Vers les dix heures du soir, le bataillon de Menotti attaquait de front une forte barricade barrant le passage qui conduit de la grande rue au château, à deux cents mètres tout au plus de celui-ci et sous un feu plongeant des plus dangereux. Le combat fut long; mais, intrépidement entraînés par Menotti, les chasseurs génois finissent par se précipiter à la baïonnette sur la barricade dont ils s'emparent vers les trois heures du matin, et dans laquelle ils s'établissent pendant que les royaux se replient pas à pas vers le château sans ralentir leur feu. La ville était donc au pouvoir de l'armée nationale. Le reste de la nuit, les canonniers du château continuèrent à envoyer, de ci de là, quelques paquets de mitraille et quelques boulets, mais sans résultat.
Le matin, de bonne heure, l'armée nationale, décidée à en finir, commença ses dispositions d'attaque contre le château. Il n'en fallut pas davantage pour déterminer le général Vial à proposer l'évacuation. Cette offre fut acceptée immédiatement. C'était le 21, au matin, que se passaient ces événements.

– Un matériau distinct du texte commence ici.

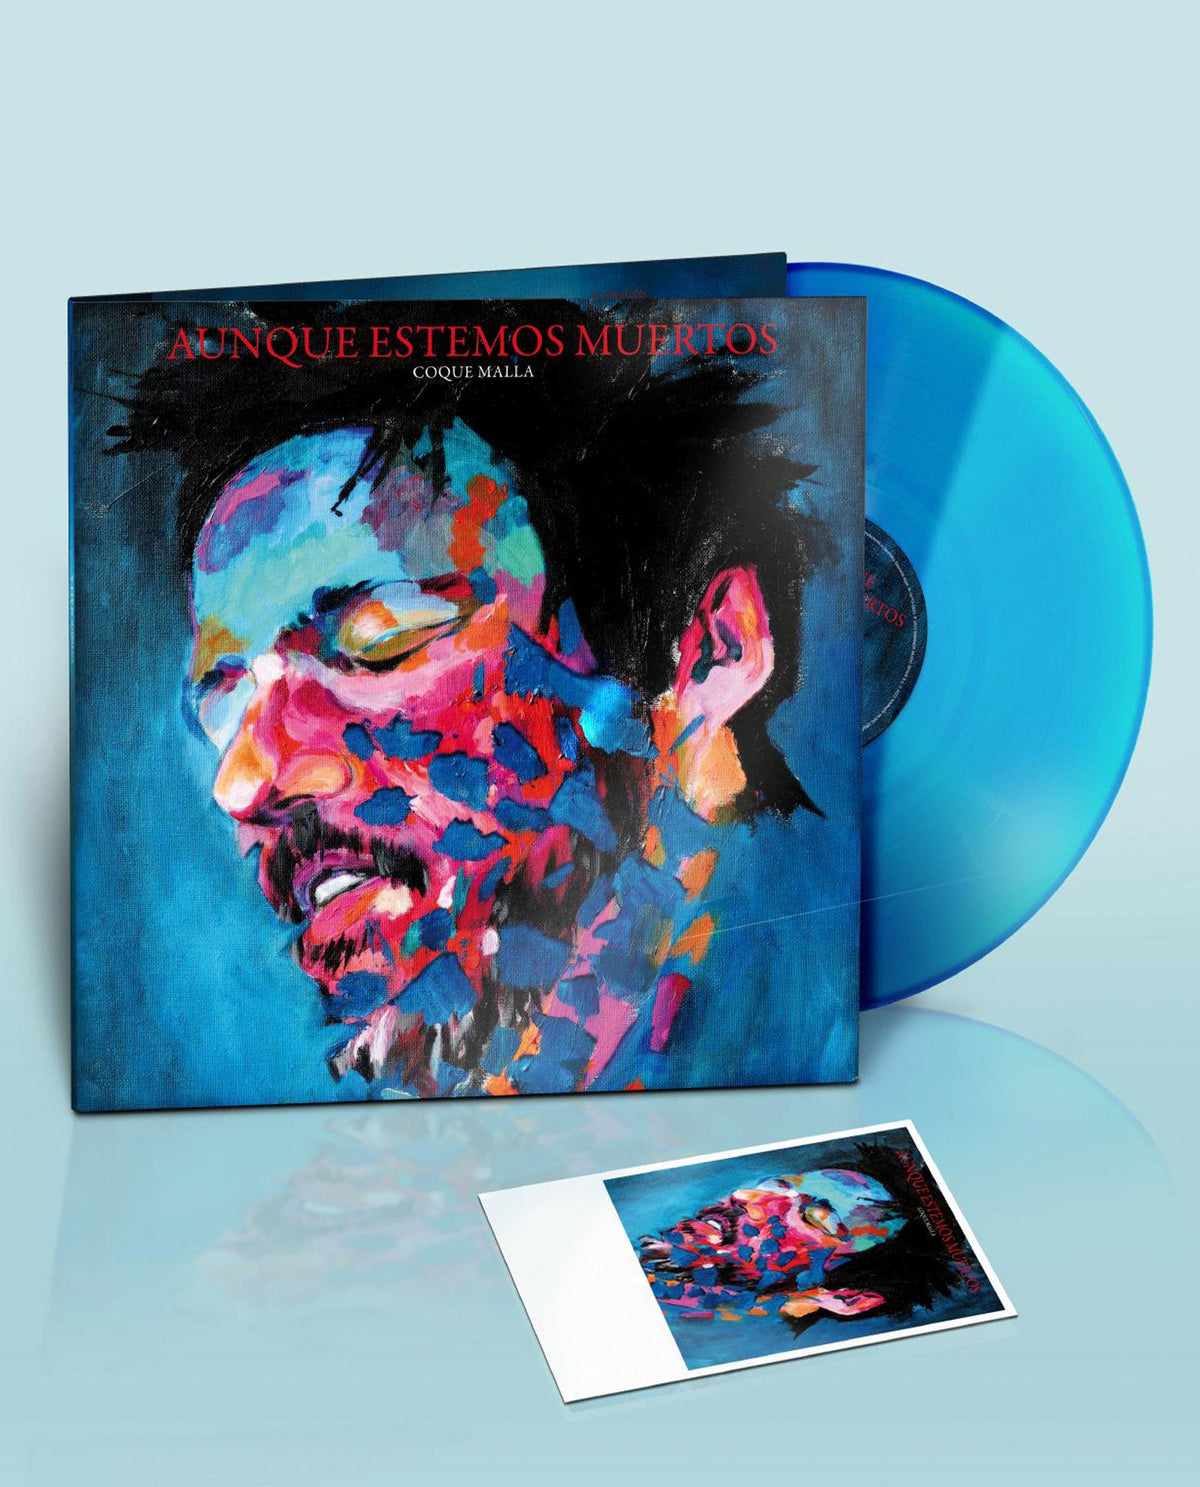 Coque Malla - LP Vinilo Azul + Postal Firmada "Aunque estemos muertos" - D2fy · Rocktud - Rocktud

La capitulation fut bientôt convenue et signée. La garnison remettait le château et tout son matériel: artillerie, armes, approvisionnements et munitions, au général Garibaldi. Les troupes royales, avec armes et bagages, mais sans munitions, devaient descendre sur le quai qui leur était réservé jusqu'à leur départ. Aussitôt convenu aussitôt fait, et immédiatement les Napolitains gagnèrent l'emplacement où ils devaient attendre leur embarquement, pendant que l'armée nationale, pressée de marcher en avant, commençait son mouvement sur San-Giovanni où, disait-on, deux divisions l'attendaient dans des positions formidables et fortifiées de longue date.
VII
Pendant que Garibaldi attaquait Reggio, le canon grondait partout dans le détroit; les batteries du Faro échangeaient des boulets avec un ou deux navires de l'escadre napolitaine, ainsi qu'avec les forts de Pezzo, de la Torre del Cavallo et d'Alta-Fiumare, à propos d'un débarquement qui avait lieu près de la Bagnara.

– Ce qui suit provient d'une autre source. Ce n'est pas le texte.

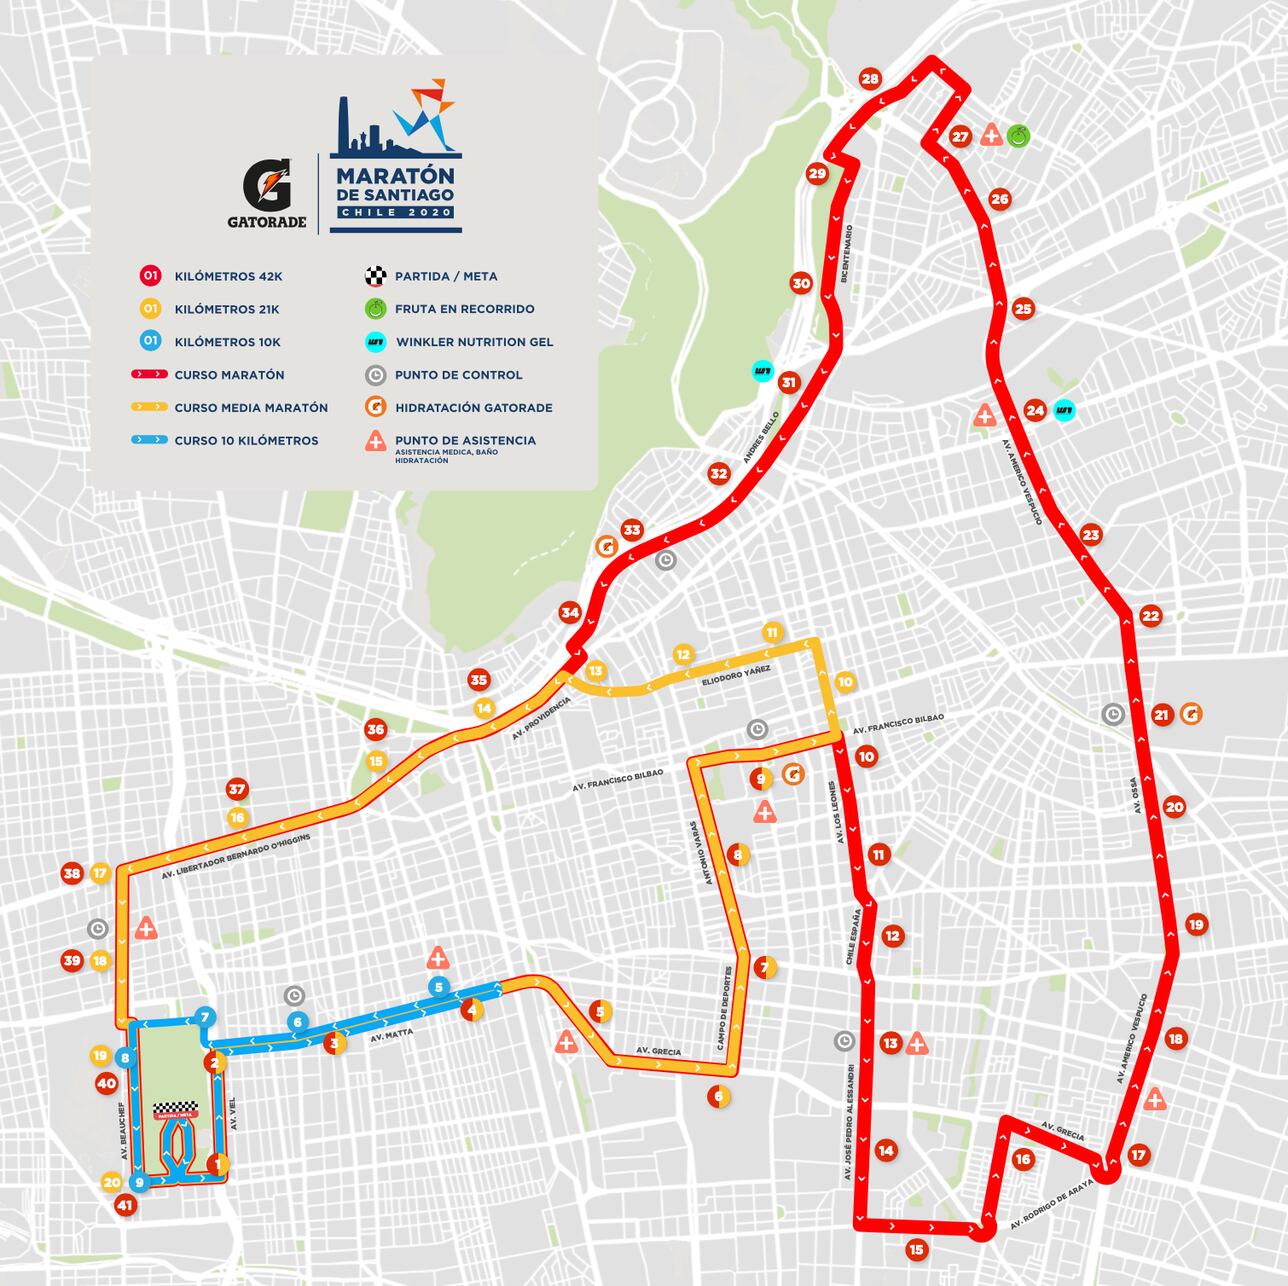 El Maratón de Santiago anuncia nueva ruta así serán los recorridos

Dans la matinée du 21, de très-bonne heure, le général Cosenz était descendu en Calabre, près de Scylla, avec une brigade composée de douze cents hommes environ, un bataillon de chasseurs génois et le bataillon français commandé par de Flotte.
C'est à l'entrée d'un grand fiumare, près d'un petit village, entre Scylla et la Bagnara, que les troupes furent mises à terre. Le bataillon français, débarqué un des premiers, repoussa les quelques troupes napolitaines expédiées de la Bagnara, et bientôt toute la colonne prit la route de Solano, village situé dans la montagne, à cinq heures de marche environ du lieu de débarquement. Elle fut aussitôt assaillie de toutes parts par les royaux, qui occupaient les hauteurs et s'étaient retranchés dans une petite maison blanche où l'on avait établi un avant-poste. Le bataillon français fut envoyé par le général Cosenz pour en débusquer les Napolitains et s'emparer de la hauteur. Ce coup de main, hardiment exécuté, eut un plein succès. Malheureusement le commandant de Flotte fut tué roide d'une balle dans la tête à l'instant où, après avoir blessé deux officiers napolitains, il en faisait prisonnier un troisième.